Heart Monitor Screening for Atrial Fibrillation

Study Questions:

Does a strategy of twice-weekly ambulatory electrocardiogram (iECG) monitoring result in greater diagnostic yield of atrial fibrillation (AF) in patients ≥65 years of age with a CHA2DS2-VASc score ≥2?

Methods:

Patients were randomized to an AliveCor Kardia monitor attached to a WiFi-enabled iPod to obtain ECGs (iECGs) or routine care. iECG participants acquired iECGs twice weekly over 12 months. Time to diagnosis of AF was the primary outcome measure. The overall cost of the devices, ECG interpretation, and patient management were captured and used to generate the cost per AF diagnosis in iECG patients.

Results:

There were 1,001 patients (500 iECG, 501 routine care). They were on average 73 years of age; 534 were female. Mean CHA2DS2-VASc score was 3.0. Nineteen patients in the iECG group were diagnosed with AF versus 5 in the routine care arm (hazard ratio, 3.9; 95% confidence interval, 1.4–10.4; p = 0.007) at a cost of $10,780 (£8255) per AF diagnosis. There was a similar number of stroke/transient ischemic attack/systemic embolic events in both arms (6 vs. 10, iECG vs. routine care; hazard ratio, 0.61; 95% confidence interval, 0.22–1.69; p = 0.34).

Conclusions:

Screening with a twice-weekly single-lead iECG with remote interpretation in ambulatory patients ≥65 years of age at increased risk of stroke is significantly more likely to identify incident AF than routine care over a 12-month period.

Perspective:

Up to one third of strokes of undetermined origin may be caused by previously undetected and untreated AF. Prior studies utilizing pacemakers and implantable cardioverter-defibrillators showed increased risk of stroke in patients with so-called atrial high rate episodes, most of which represent atrial fibrillation or atrial flutter.
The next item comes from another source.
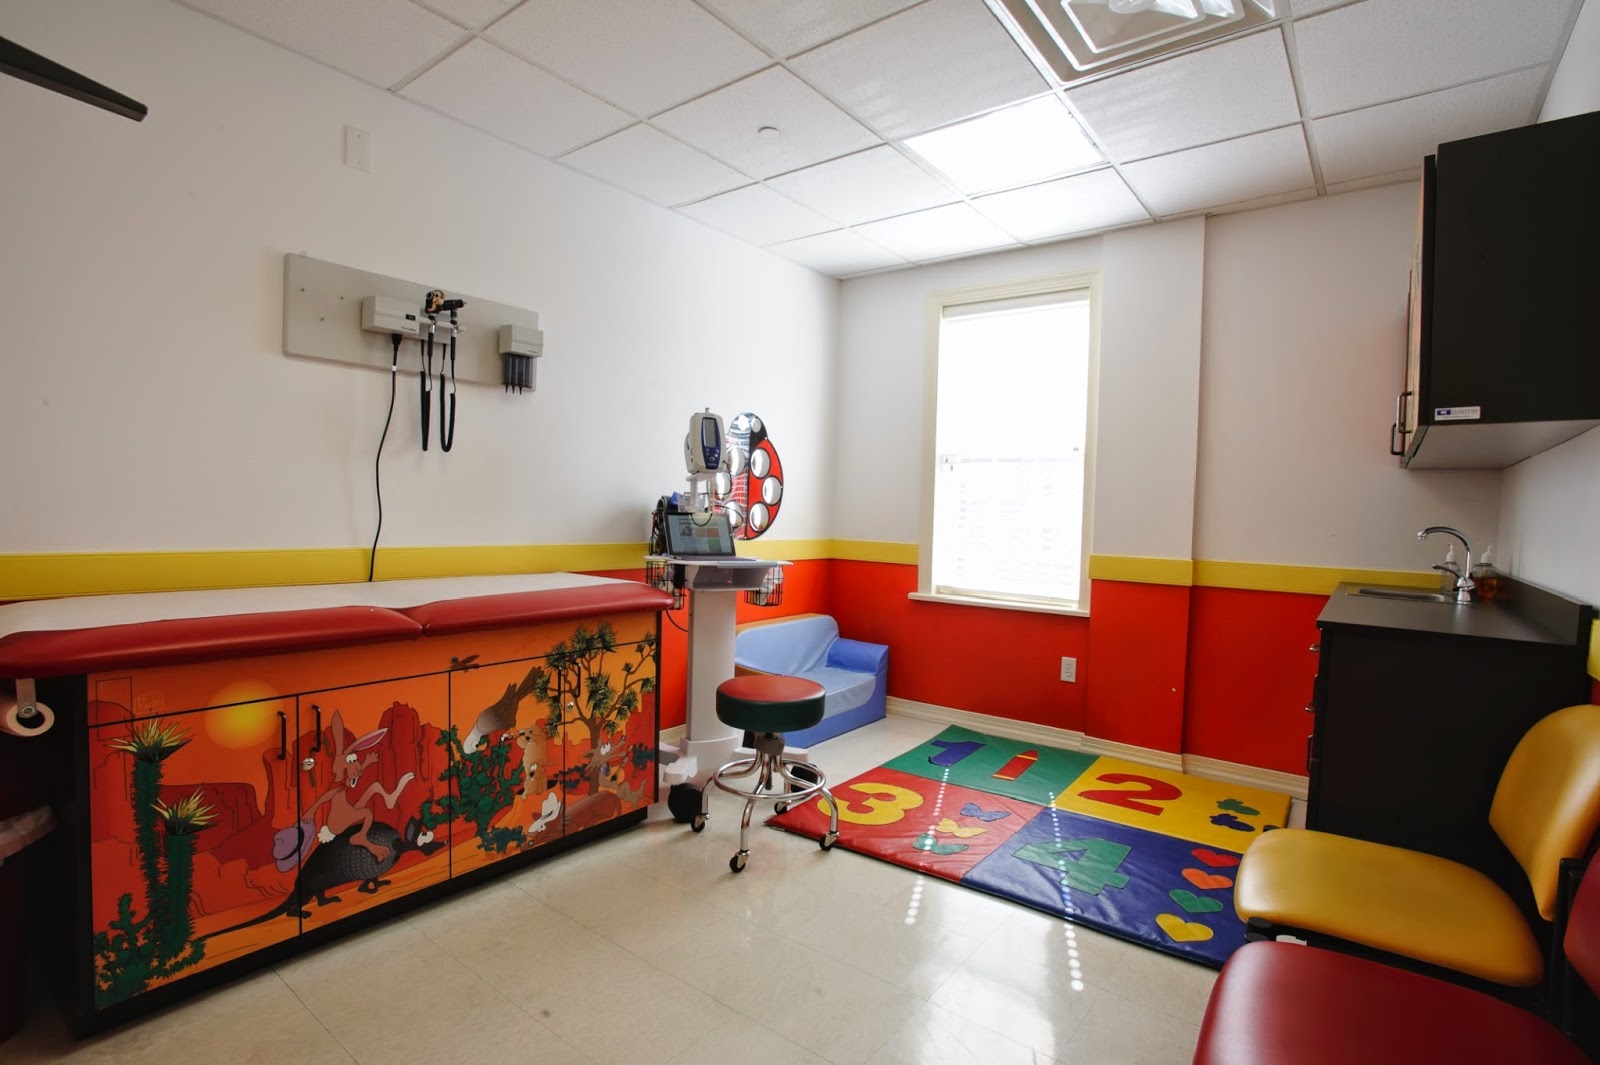 Photo of Passaic Pediatrics in Passaic City, New Jersey, United States - 2 Picture of Point of interest, Establishment, Health, Doctor

One study showed that atrial high rate episodes as short as 5 minutes in MOST or 6 minutes in ASSERT studies were associated with an increased risk of stroke, although there did not appear to be a temporal association between AF and embolic events. It is still unclear whether anticoagulation, triggered by the detection of asymptomatic AF, reduces the risk of stroke in this population. While the present study was underpowered for hard clinical endpoints, the incidence of embolic events did not differ significantly between patients randomized to iECG or routine care. There are two randomized trials underway, which in a few years will hopefully provide some guidance: ARTESiA (Apixaban for the Reduction of Thrombo-Embolism in Patients With Device-Detected Sub-Clinical Atrial Fibrillation) and NOAH (Non-Vitamin K Antagonist Oral Anticoagulants in Patients With Atrial High Rate Episodes).